In 1994, ELIZA was the first “Chatterbox” to be developed by Joseph Weizenbaum at Massachusetts Institute of Technology (MIT). Since then the Chatbot Industry has been evolving and improving alongside the technology development. Today, one in five businesses are using intelligent assistant or chatbots. Why did these companies adopt the Chatbot solutions?
Market Diffusion of Technology
Marketers commonly dissect the timeline of a product using a product adoption curve or market diffusion process. For developed countries, the market for Chatbots is within the early majority stage, quickly approaching critical mass. This spurs the growth of Chatbot developers. For developing countries, Chatbot technologies are still considered advanced technology, which results in diffusion hovering between the early adopters and early majorities. Let’s understand the adoption process from the start.
Innovators & Early Adopters – Tech enthusiasts and Visionaries
The development of AI technology helped Chatbots to resurface and gain attention from individuals, entrepreneurs, and enterprises alike. The impact of AI and ML on Chatbot is straightforward to the tech enthusiasts. Businesses with visionary leaders who saw the technology’s potential were also quick to hop on the bandwagon. The top three industries with the highest consumer acceptance rate of chatbots are online retail, healthcare and telecommunications.
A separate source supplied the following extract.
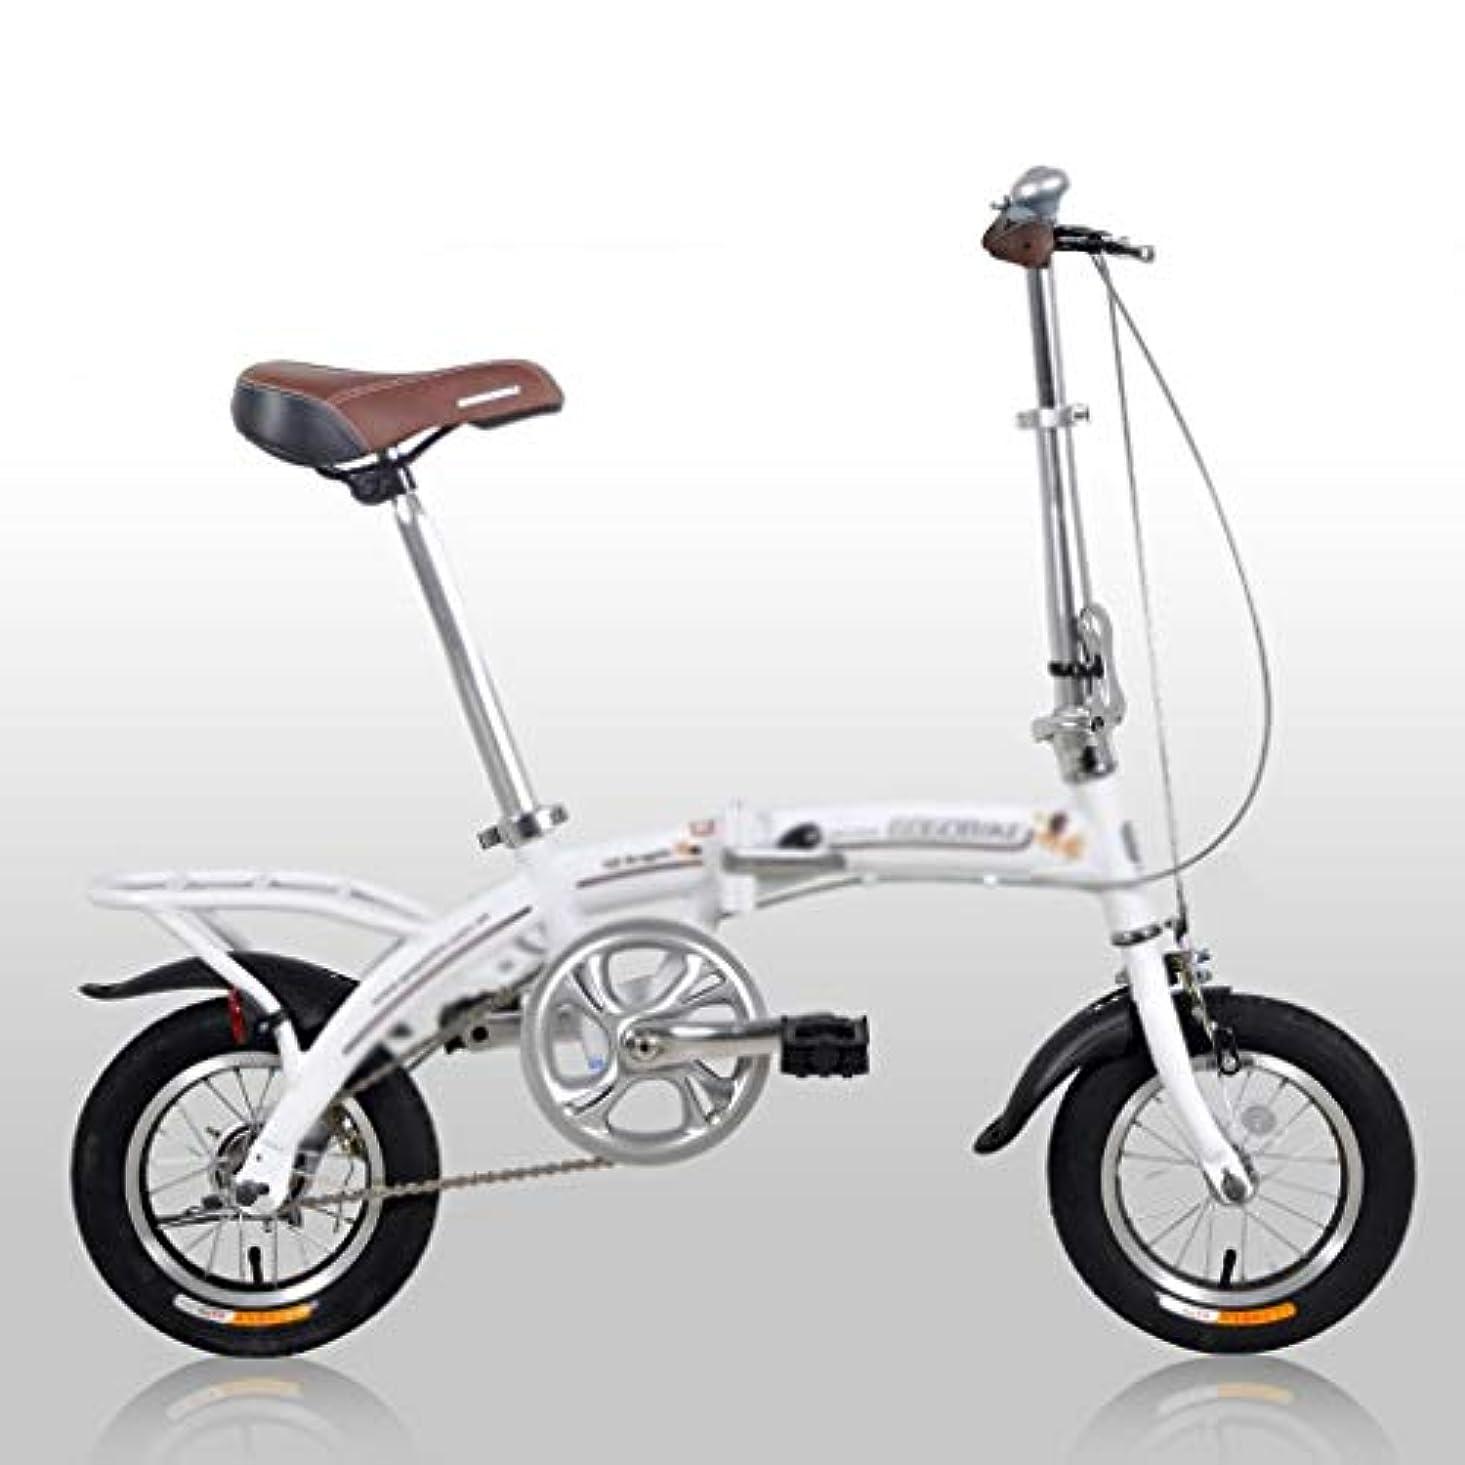 現金レジデンス飢え折りたたみ自転車 12インチの軽量ポータブルポータブルアルミ合金折りたたみ自転車 大人用折りたたみ自転車

Early Majority - the Pragmatists
Is Chatbot just a hype or does it add value to the firm? Pragmatic business managers are willing to explore solutions within the premise of creating business value, in other words, solution which yields positive ROI. The ability of chatbot providers to build its products with sound business cases for enterprises at a justifiable rate is key to converting the pragmatic decision makers. Currently development of Chatbots serves a wide spectrum of businesses with tried-tested-and-proven use cases (example: online retail, healthcare, logistics, and financial sectors). Many of the use cases are built around the efficiency, availability and the accuracy of work done by Chatbots -- this gives Chatbots more edge in developed countries than in developing countries due to the differences in labour costs.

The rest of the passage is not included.